4.5 Influence Mechanisms Based on SHAP Values
Based on the joint evaluation of Spearman correlation and XGBoost–SHAP global contributions, four key morphological factors—SVF, NL, PAR, and FAI—were ultimately identified as the core determinants of outdoor thermal comfort in winter. To clarify the specific mechanisms on the UTCI, the LOWESS method was employed to construct SHAP-based local dependence plots for 19 morphological indicators. Because low-angle winter sunlight introduces substantial uncertainty in the directional definition of Street θ, its physical interpretation is unclear. Hence, it was not included in the graphical analysis of this subsection. These plots illustrate the marginal effects of variations in feature values on the model output, as well as the direction and magnitude of each feature's contribution to UTCI across different value ranges.
Through detailed analysis of the four core factors' SHAP local dependence curves, the nonlinear response patterns and threshold characteristics of winter urban canyon morphology on outdoor thermal comfort are quantitatively revealed.
4.5.1 Sky View Factor (SVF)
Figure 9 indicates that SVF exhibits a nonlinear relationship with thermal comfort, with different response tendencies across value ranges. The following interpretation is primarily based on the density-aware LOWESS fitting curve.
Firstly, when SVF is below approximately 0.2, SHAP values gradually decrease, suggesting that highly enclosed street environments experience progressively poorer ventilation as enclosure increases. This finding is consistent with previous studies which noted that highly enclosed street canyons tend to suppress air movement and thereby worsen comfort conditions[40–41]. Secondly, when SVF increases from approximately 0.20 to 0.45, SHAP values show a slight upward increase, indicating that incremental increases in openness within relatively compact environments may begin to improve airflow and mitigate heat accumulation.

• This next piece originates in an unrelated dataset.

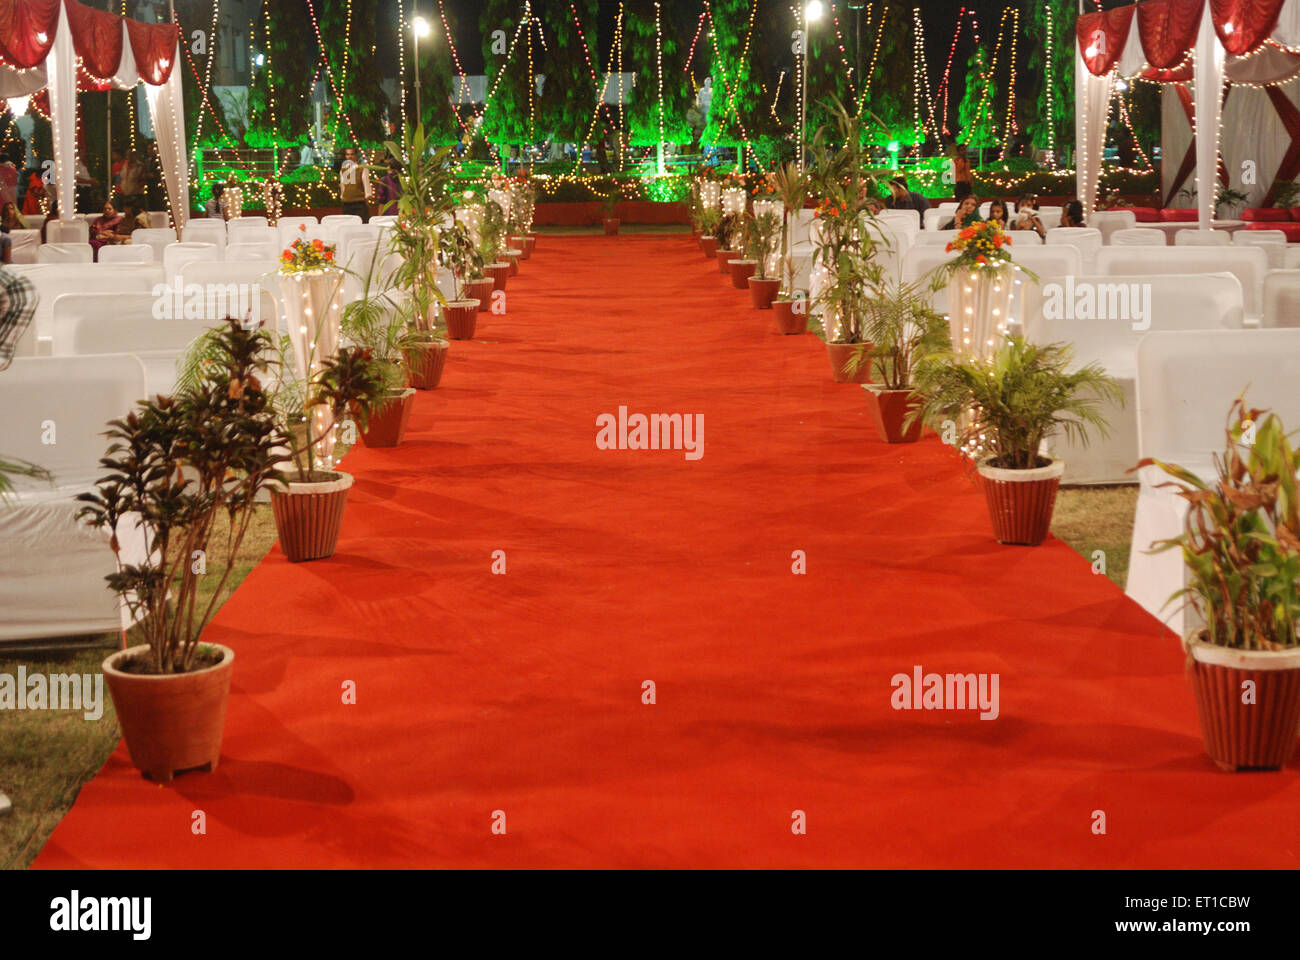 Red carpet India Asia Indian reception Stock Photo

Thirdly, a clearer positive relationship emerges when SVF ranges approximately between 0.45 and 0.80, during which SHAP values gradually increase. In this interval, reduced building enclosure improves ventilation and convective heat exchange, while moderate solar access contributes to enhanced outdoor environmental quality. However, when SVF exceeds approximately 0.8, SHAP values decline again, indicating that excessive spatial openness may weaken shading performance and increase direct solar exposure under outdoor conditions, thereby reducing thermal comfort.
These results suggest that the relatively favorable SVF range for outdoor thermal comfort appears to be approximately 0.55–0.75, within which ventilation improvement and solar exposure remain comparatively balanced. By contrast, excessively enclosed or overly open spaces may both negatively influence outdoor comfort.
4.5.2 Near-Linearity Ratio (NL)
Figure 10 indicates that NL exhibits a pronounced nonlinear relationship with thermal comfort. The following interpretation is primarily based on the density-aware LOWESS fitting curve.
Firstly, when NL values are extremely low (below approximately 0.03), SHAP values remain relatively negative, suggesting that overly open street environments may expose pedestrians to excessive solar radiation under outdoor conditions, thereby reducing thermal comfort. Secondly, as NL increases to approximately 0.03–0.08, SHAP values rise noticeably and reach a local peak. This trend suggests that a moderate increase in spatial enclosure can improve shading performance while maintaining relatively adequate ventilation conditions. The combined effects of reduced solar exposure and acceptable airflow contribute positively to outdoor thermal comfort. Thirdly, when NL exceeds approximately 0.1, SHAP values gradually decline again. Increased building density and spatial enclosure may weaken airflow and restrict convective heat dissipation, while excessive shading can also reduce environmental openness and natural daylight availability. As a result, thermal comfort tends to deteriorate under highly enclosed street conditions. Finally, when NL further increases beyond approximately 0.2, the SHAP curve gradually stabilizes, indicating that the marginal influence of additional enclosure on thermal comfort becomes weaker. This suggests that the thermal response to NL may approach a relatively stable state under highly compact urban forms.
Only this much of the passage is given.